Ngaire Blankenburg & Muna Faisal Algurg,
Lord Cultural Resources & Dubai Culture and Arts Authority (Canada & Dubai)

When someone you care about is taken sick or injured, it’s hard to know what to say. Medical professionals too can be at a loss for words lapsing into ‘science-speak’ at difficult moments. The ‘Words that Heal’ exhibition is a participative, technology rich pop-up exhibition opening in a main hospital in Dubai, in February 2014. Diverse patients share the words or actions that have made them feel better – whether 50 years ago or a few minutes ago – being gathered through a participative social media campaign.

— What you'll learn

  • How museums can improve well-being in a hospital setting
  • Insights from the crowd-sourcing social media campaign
  • The DCAA’s new approach to museums in the radically changing city of Dubai

03:00 pm

C-You: the connected experience

Sébastien Cursan,
Cap Sciences (France)

So many museums and science centres struggle to attract a 15-25 year-old audience. Knowing that Generation Y is the most technology-orientated generation - born with the Internet, using smartphones and other digital technology – Cap Sciences has decided to redefine the dialogue with this generation of young people around digital media use.

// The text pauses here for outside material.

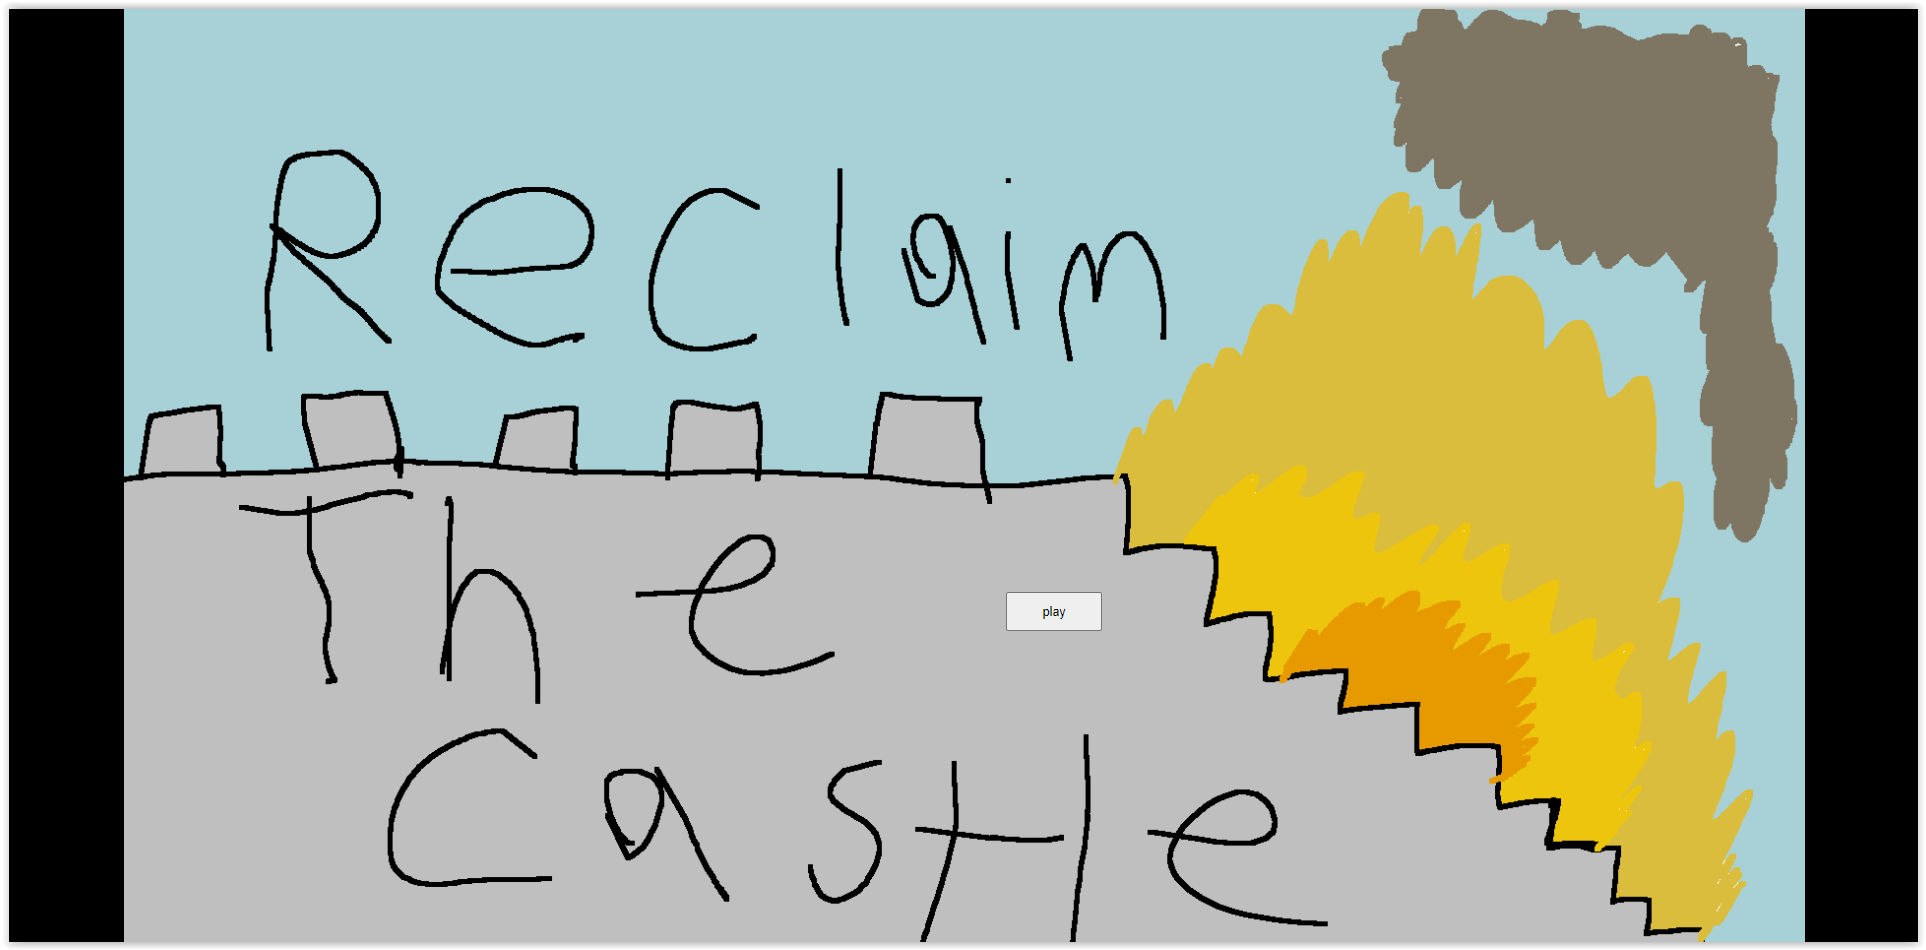 Recalaim the Castle

The C-You project offers new platforms that include different types of interactions such as the web, exhibitions, smartphones and uses imaginative storytelling to link them together. Gamification and collaborative processes are there to provide personalization and ‘funability’ in order to meet the generation Y expectations. The presentation will focus on the C-You development process and what can be learnt from it.

— What you'll learn

  • Is gamification relevant to user engagement in science communication
  • How museums can make use of data created by the audience to write interaction scenarios
  • How storytelling can make the technology relevant to the audience
  • How leisure and fun is a key element to getting into scientific content

04:30 pm

DIY Museum Collections Online

Rick Lawrence,

Royal Albert Memorial Museum & Art Gallery (UK)

What’s the best way to open up a museum’s collections data? An off the shelf solution or online delivery of existing assets? With limited resources at RAMM we decided to deliver collections content online without changing our internal collections database. As well as an online database we wanted to include themes, commenting and an API. This talk reviews the decision making process and benefits of our pragmatic approach.

04:30 pm

Digitally Capturing the Shipping Galleries

Daniel Evans & William Trossell,
Science Museum, London (United Kingdom)

Utilising cutting edge 3D laser scanning technology, the Science Museum, ScanLAB Projects and the Civil, Environmental and Geomatic Engineering, UCL have captured the entire Shipping Galleries at the Science Museum in perfect detail down to the last millimetre.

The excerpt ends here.